Outside of that, she seems to think that she's carrying some
kind of banner for the unwashed masses of women out there who
haven't had the good fortune to receive a magnificent set of
implants, and don't have the time to obsessively hone their
tummy muscles.
On film and in magazine spreads alike, Moore displays her
breasts as if they're a dual Red Badge of Courage. I got the
biggest laugh when she acted like she was striking a chord
for the Sisterhood by earning 12 million bucks to yank her
shirt off in "Striptease." I'm fairly certain that Meryl
Streep can do without this kind of trail-blazing.
"G.I. Jane" suggests a cross between producer/director Taylor
Hackford ("An Officer and A Gentleman," "Against All Odds")
and Leni Riefenstahl, who filmed the 1934 pro-Hitler
propaganda documentary "Triumph of the Will."
Where's the acting?
"G.I. Jane" features the ultimate Moore performance,
substituting, as it does, sit-ups and one-armed push-ups for
the more bothersome form of communication known as "acting."
After a powerful U.S. senator (a sometimes not-bad Anne
Bancroft) makes a big stink about the lack of women in
military combat positions, Moore is hand-picked to become the
first female to train with the elite Navy SEALS.
This is perfect territory for Moore, who, in recent years,
has shown an ever-growing propensity toward the "Tom
Cruises." Like Cruise, her movie persona repeatedly (and
loudly) announces her physical and emotional superiority to
us mere mortals. (It's even pointed out, when Bancroft is
perusing applicants, that Moore's character is very
good at writing essays!)
"G.I. Jane" gives her the chance to finally train with the
big boys, in a hyper sado-masochistic endurance test that
after a while starts to resemble a dimly lit, fatigue-covered
level of hell that Dante somehow neglected to tell us about.
'Pain is our friend'
The SEALS program (as portrayed in the film) is so mindlessly
brutal, you'd be more likely to kill an entire phalanx of
sailors with it, rather than prepare them for any kind of
combat.
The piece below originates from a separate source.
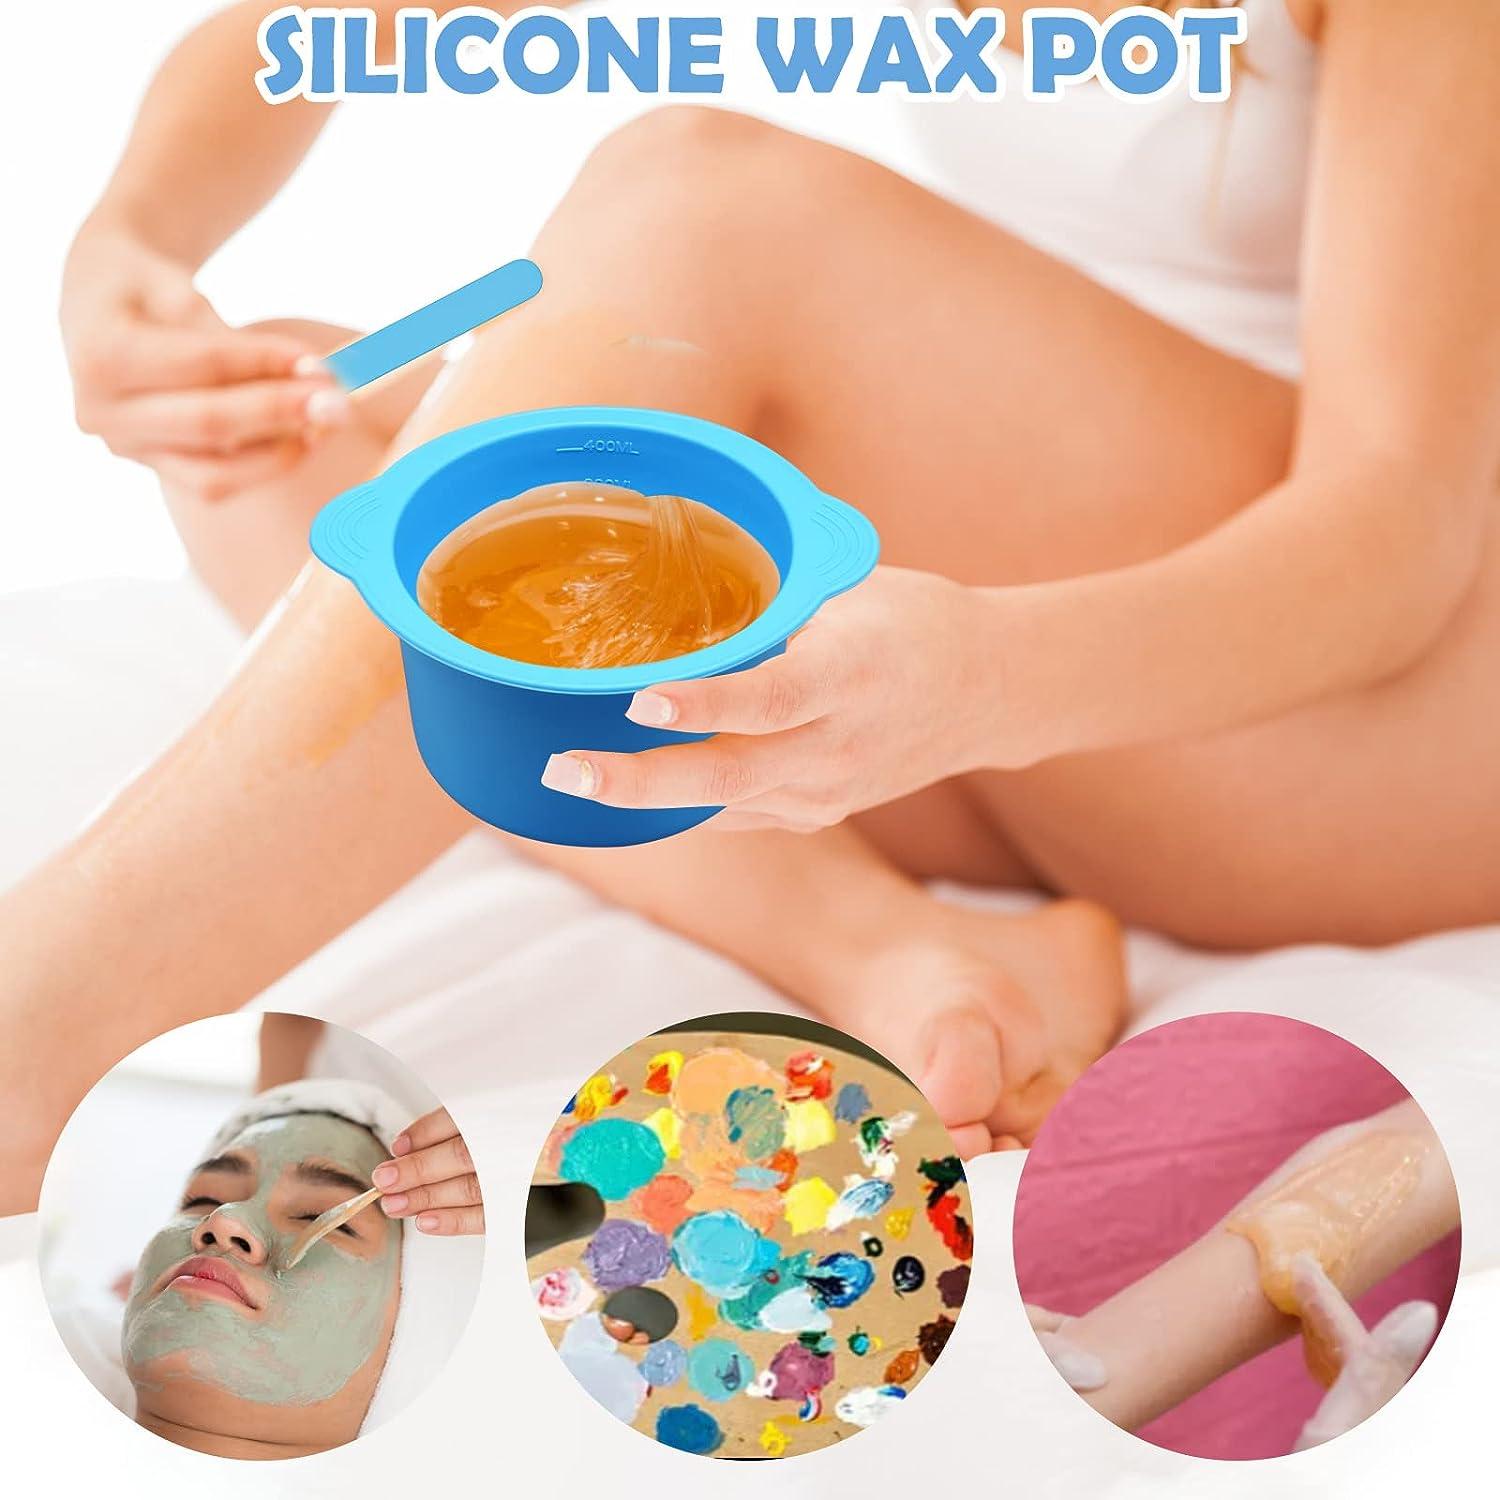 Silicone Wax Pot, 400g, Reusable

Under the steely, sneering gaze of the Master Chief
(played by Viggo Mortensen with sunglasses in place, the
better to lift from "Cool Hand Luke,") Moore and her comrades
get huge, weighted drums rolled over them, do hundreds of
push-ups in the ocean surf, get fed by hand out of garbage
cans, and are kept awake for hours by obscenity-screaming
platoon leaders.
And this is during the FIRST DAY! "Pain is our friend,"
we're told, but it didn't look like anybody I'd ever
volunteer to go to a ballgame with.
I'm inclined to think that only a very desperate person would
need this kind of pumped-up degradation to develop a sense of
self-worth, but Moore is packing enough backbone to lift
Detroit onto her shoulders.
In fact, when she complains to the commanding officer, it's
not because of how hard it all is, but because they're being
too easy on her! This only makes sense because, as we all
know, Demi can do hundreds of push-ups, thousands of sit-ups,
bring home the bacon, fry it up in a pan, and never-ever let
you forget you're a man.
Pretending to deal with social issues
She's like a cross between Dolph Lundgren, Jayne Mansfield,
and a bulldozer. In one supposedly inspiring scene, she
chooses to shave her own head, finally completing her chosen
career trajectory by becoming a taut-skinned ball-peen
hammer. Of course, Moore's character doth protest too much
by saying things like, "I'm not interested in becoming some
poster girl for women's rights." If I were a woman, I would
give her wish by wholeheartedly endorsing someone else as my
spokesperson.
The story occasionally starts to toy with real issues, but
this is just a Rambo movie that's pretending to deal with
social questions as a smoke screen.
At the point that the Master Chief pretends to rape her in
front of the other sailors (in a humiliating, ridiculous
sequence in which he and his cohorts actually torture the
SEALS, apparently to show them what it's like), Moore settles
things by kicking him near-unconscious while her hands are
tied behind her back. In the last act, she actually risks
her neck to save this same animal from the blazing barrels of
a bunch of marauding Libyans. Forgive and forget, I guess.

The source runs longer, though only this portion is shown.